Prince Fielder said the problem started when he wanted to buy a truck with part of his signing bonus. His father suggested Prince pay him $200,000 as an agent’s commission, but added, “I’ll give it back to you so you won’t have to pay taxes on it, and you can buy your truck.”

Prince Fielder said he learned the financial adviser already had given his father the $200,000 without asking what it was for.

“I never in a million years thought my dad would steal from me,” Prince Fielder said. “But he kept all of it, and I never saw any of it again. My dad could have asked for $2.5 million from me, and I’d have gave it to him if he asked me. I would have helped my dad in any way possible if he had just come to me and asked.

“But he likes hiding everything when he’s got problems, and instead of asking for help, he just messes everybody up like he did here. He messed up a whole family. I hope whatever he messed it up for was worth it.”

Cecil Fielder wouldn’t discuss his son’s remarks, saying his bitter divorce lies behind all the hostility.

“I’m not going to elaborate on what happened in my personal business with my wife,” he said. “I’ve moved on with my life and got into a new relationship, and, you know, this is the part that probably hurts them worse than anything.”


Trying to rebuild

Stacey Fielder, meanwhile, says she remains hard up financially and is looking for work.

On Tuesday afternoon, she applied for a sales-clerk job at a shopping-center boutique in Orlando, near where she and her daughter live in uncomfortably close quarters with Prince, his fiancee, and their baby.

“I have to do what I have to do,” she said. “Things are getting really, really tight.”

She refuses to live off her son’s money, she said.

Only a few years ago, she was living in the largest, richest mansion in central Florida — a 50-room palace sprawled across six lots.

She cannot help, she says, but think of what her family lost.

“Over my husband’s career, he made close to $60 million ($47 million in salary alone),” she said. “In 1998, when I got run over by a car, we had $21 million, $10.4 (million) of that was cash, and the rest was our assets.”

It was during her recuperation from the near-fatal accident, she said, that the Fielder fortune, which she had always managed, began trickling, then pouring, into glitzy casinos and poor business choices.

“Right now, I’m really devastated, really hurt,” she said. “I’ve got to think about how I’m going to move forward from the place where I basically started with Cecil.

“I started with Cecil with nothing. I’ve been with him since I was 14 years old. I was in the minor leagues with him, and while he was doing his career I worked three jobs at one time to feed him.

“I didn’t know anything about baseball. I just knew it was his dream.”



http://www.detnews.com/2004/tigers/0410/21/f01-311090.htm

Mezro
10-21-2004, 07:20 PM
Another fucking asshole who threw away a charmed life.

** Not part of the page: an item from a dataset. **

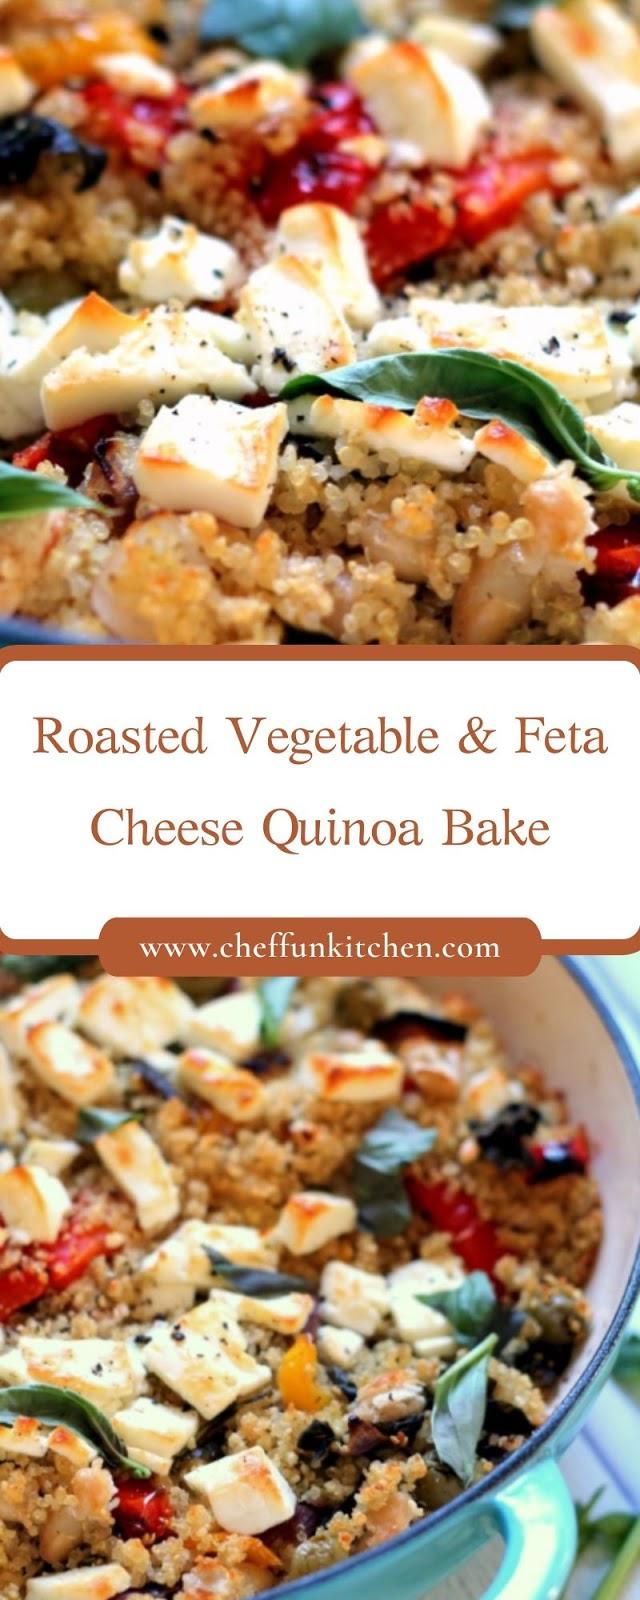 Roasted Vegetable & Feta Cheese Quinoa Bake

Mezro...file this story under "Mike Tyson"...

BITEYOASS
10-21-2004, 07:33 PM
God damn! Put him right up there with Denny McClain! And to think I use to admire the guy when I was a kid. :(

High Life Man
10-25-2004, 02:09 PM
Wow.

I remember watching the press conference when the Brewers signed Prince. Cecil was right next to him, laughing and smiling. Now we REALLY know why.

BITEYOASS
10-28-2004, 06:16 PM
Originally posted by High Life Man
Wow.

I remember watching the press conference when the Brewers signed Prince. Cecil was right next to him, laughing and smiling. Now we REALLY know why.

In a motown related event, this reminds me of a song by The Temptations:

What they do?
They smiling in your face
Always trying to take your place
The backstabbers, BACKSTABBERS! :D

I hope they don't put in the Tiger coaching staff god forbid!!!

BITEYOASS
10-28-2004, 06:18 PM
Originally posted by Mezro
Another fucking asshole who threw away a charmed life.

Mezro...file this story under "Mike Tyson"...

Nope he right up there with Denny McClain and Ty Cobb!